Jessica Valeria Méndez, literatura erótica con imágenes de la modelo. La modelo argentina Jessica Méndez presta sus imágenes para un momento de literatura erótica, como parte de una serie de cuentos cortos. Su turno.
Jessica Méndez erótica imágenes
La modelo argentina Jessica Méndez protagoniza uno de los cuentos que componen el volumen que saldrá de modo digital, mediante suscripciones. Los textos están escritos en idioma español, pero tendrá sus versiones en inglés y portugués. Las imágenes de Jessica dan mayor vigor al relato.
La culpa es del gimnasio
Estábamos haciendo ejercicios, en las máquinas. Y la observaba por uno de los espejos. Parecía más delgada. Era la primera vez que la veía en persona. Quizá era suerte o un turno que ella cambiado. No lo sé.
En el espejo no alcanzaba a divisarle el rostro. No era tan necesario en ese primer contacto. El calor allí adentro nos hacía beber líquido como si nunca hubiéramos aprendido de los beduinos por el Sahara. También creí que ella era culpable de la sed inesperada.
Llegué al gimnasio por la insistencia de mi novia. Ella me dijo un día que si no hacía ejercicio no habría más sexo. O sea, no habría más buen sexo. O del que me gusta a mí y no sé cuánto a ella.
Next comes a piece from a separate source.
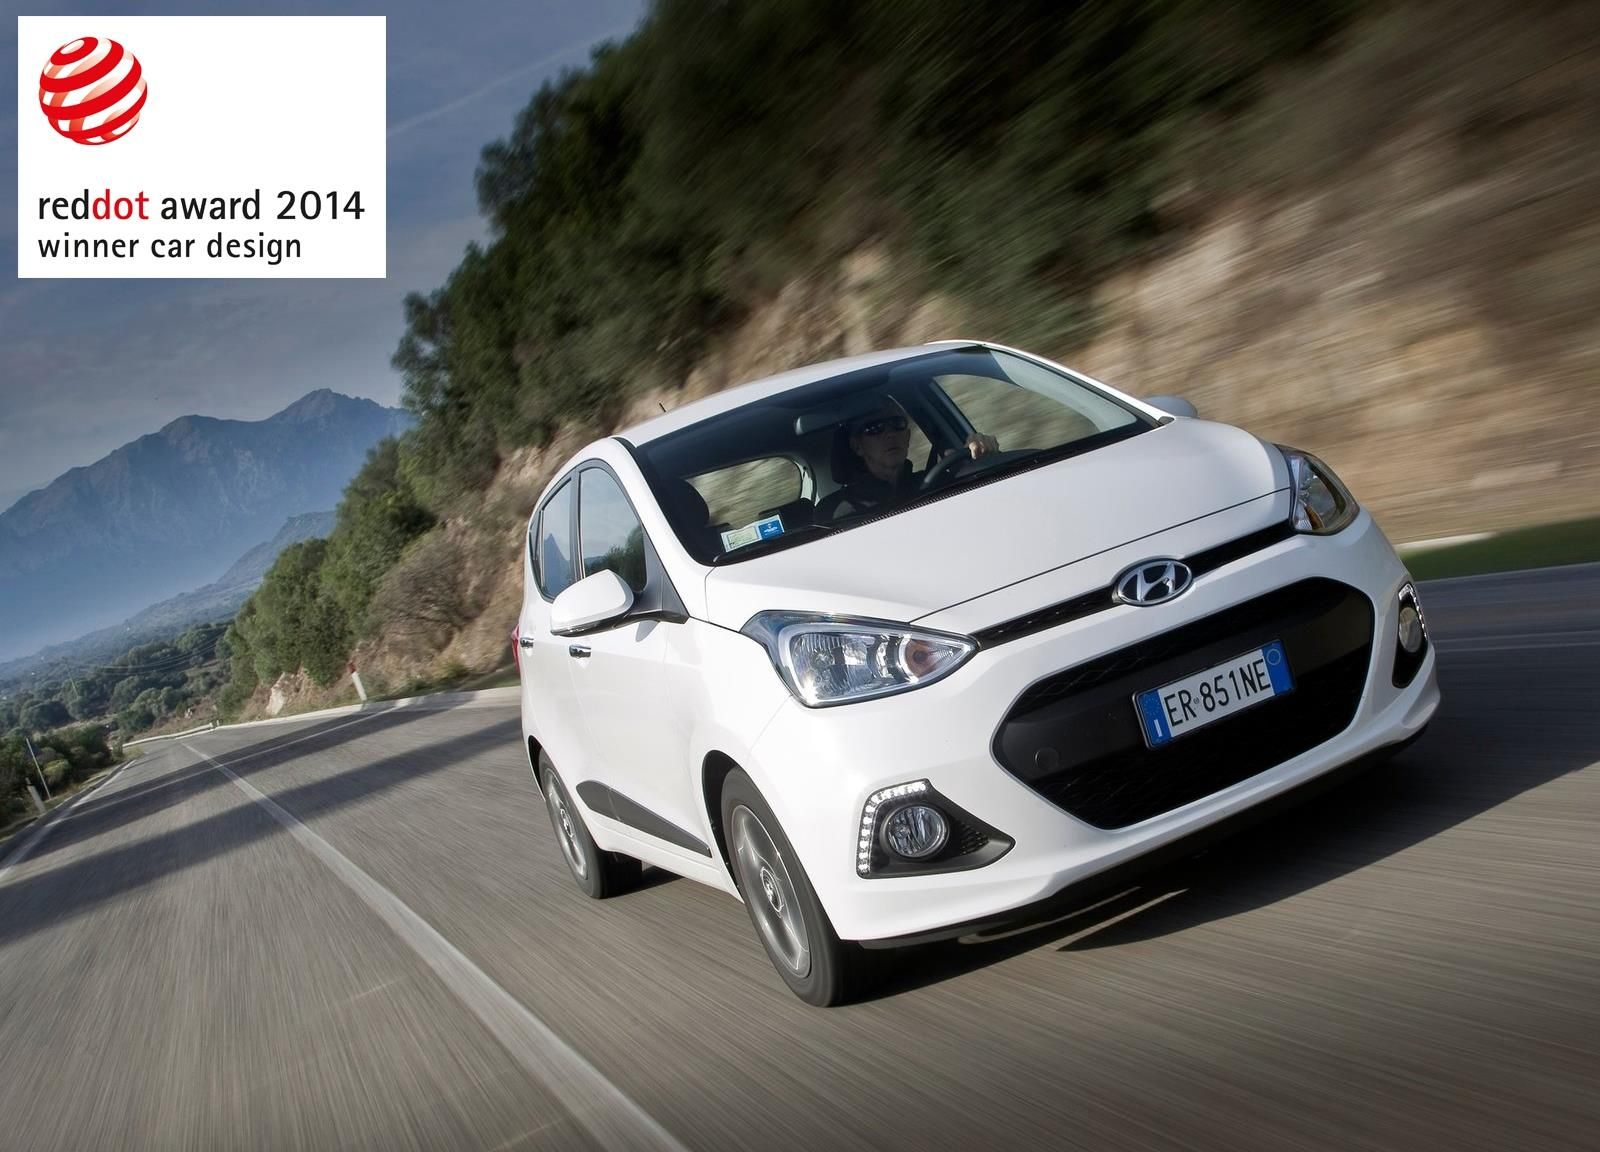 Hyundai Motor Received The World S Most Prestigious Red Dot

Lo cierto es que quiso darme a entender que todo podía irse al mismísimo infierno si no me cuidaba. Vamos, que tampoco yo creía ser una estrella de rock, famélico y sin hambre, delgado y con la sangre envenenada. Pero parece que el abuso de mis pasiones con la gastronomía estuvo a punto de arruinar nuestra vida sexual.
La oí a mi novia en su insistencia y hasta me pareció razonable venir a este gimnasio, tres veces por semana. Siempre he pasado de lejos por estos lugares. Sólo podría decir que los identifico porque oigo una música como hecha con máquinas de lavar ropa. Pero me decidí a ingresar al gimnasio, sin pensarlo demasiado, sin reparar en detalles.
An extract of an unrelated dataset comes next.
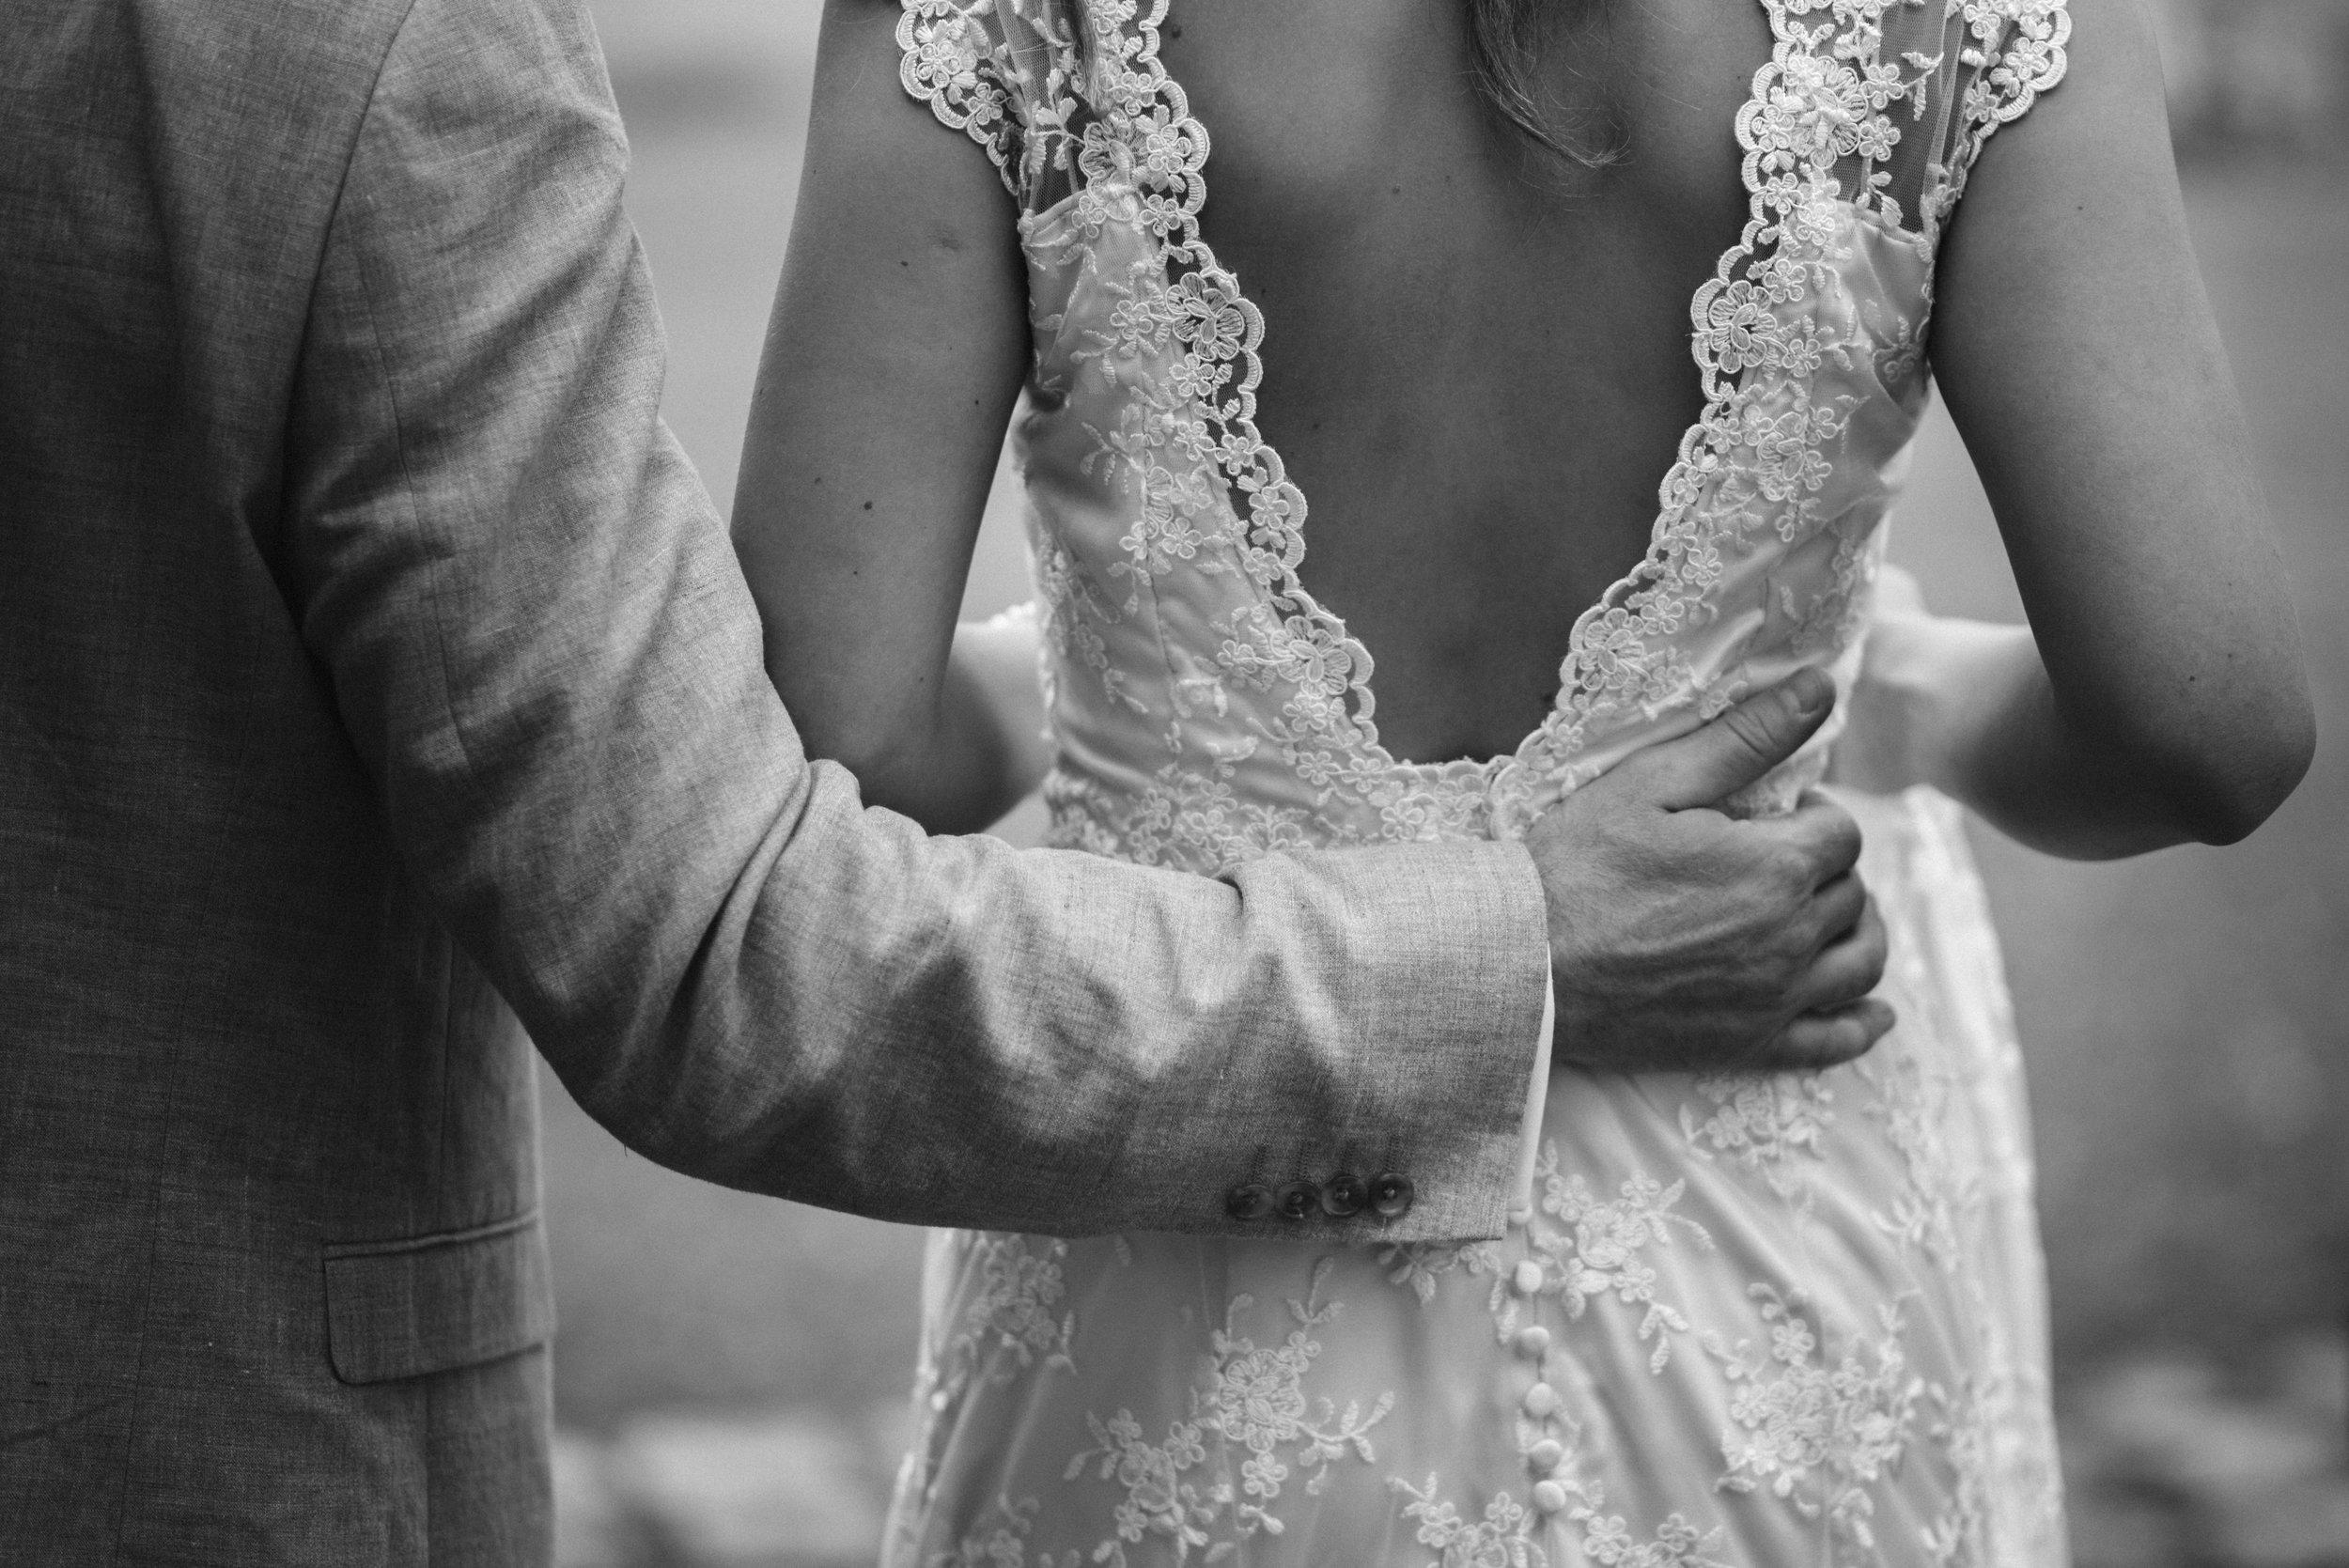 wedding-photographer-dordogne-mark-shaw-32.jpg

La misión era terminar con aquella amenaza proferida por mi novia.
Antes de esto nunca hubiera imaginado que estaría viendo a esta morocha, desde atrás, gracias la magia de un espejo. Estaba ligera de ropas, toda transpirada por los ejercicios, el cabello atado, saliéndole el resto de pelo como las crines de un caballo salvaje. La empecé a mirar y nunca más pude parar. Bebía agua, sin demasiada razón.
Lo peor vino más tarde, después de varios minutos, en los cuales yo me encontraba pedaleando sobre una bicicleta fija como un neurótico. Allí me percaté que ella también me estaba mirando, gracias a otro espejo, en el cual yo no había reparado.
Sólo en ese momento sentí vergüenza. Y dejé de mirarla, como si su descubrimiento hubiera invadido mi pudor. El cazador cazado.
Volví a verla algunos segundos después, sin pensar en nada. Ahora le veía el rostro. Ella me miraba fijo, como si fuera la bicicleta en la cual yo estaba montado casi como un neurótico.
Nunca cambió el gesto. Sólo atinó a arreglarse la ropa, casi frente mío, acariciándose las piernas, y mostrando los avances de la gimnasia en su cuerpo. Todo eso me lo hacía para mí, un espectáculo privado pero público. Me gustaría pensar así. Era dueña de curvas para tomar a toda velocidad.
Deseaba el triángulo que translucía su tanga, de frente y de espaldas. Lo veía nítido cuando ella hacía pesas. Nos mirábamos, parecíamos animales en celo. La imaginé con una tanga azul y sin sostén. Me entusiasmaba que sus pezones fueran bombones crispados ante la posibilidad de un mínimo roce o un beso seco y corto.
Volví a casa. Y ni siquiera me bañé: interrumpí a mi novia, la llevé a la cama y durante algún rato cogimos como si fuera una reconciliación. Ella no dejaba de repetir que había tenido razón, que yo debía ir al gimnasio. Pensaba en la morocha, en sus cuevas y paisajes, y le decía que sí, que sí, amor. El gimnasio fue una gran idea que tuviste, le dije, pero todo el que era yo estaba acariciando la tanga azul de mi compañera de gimnasio.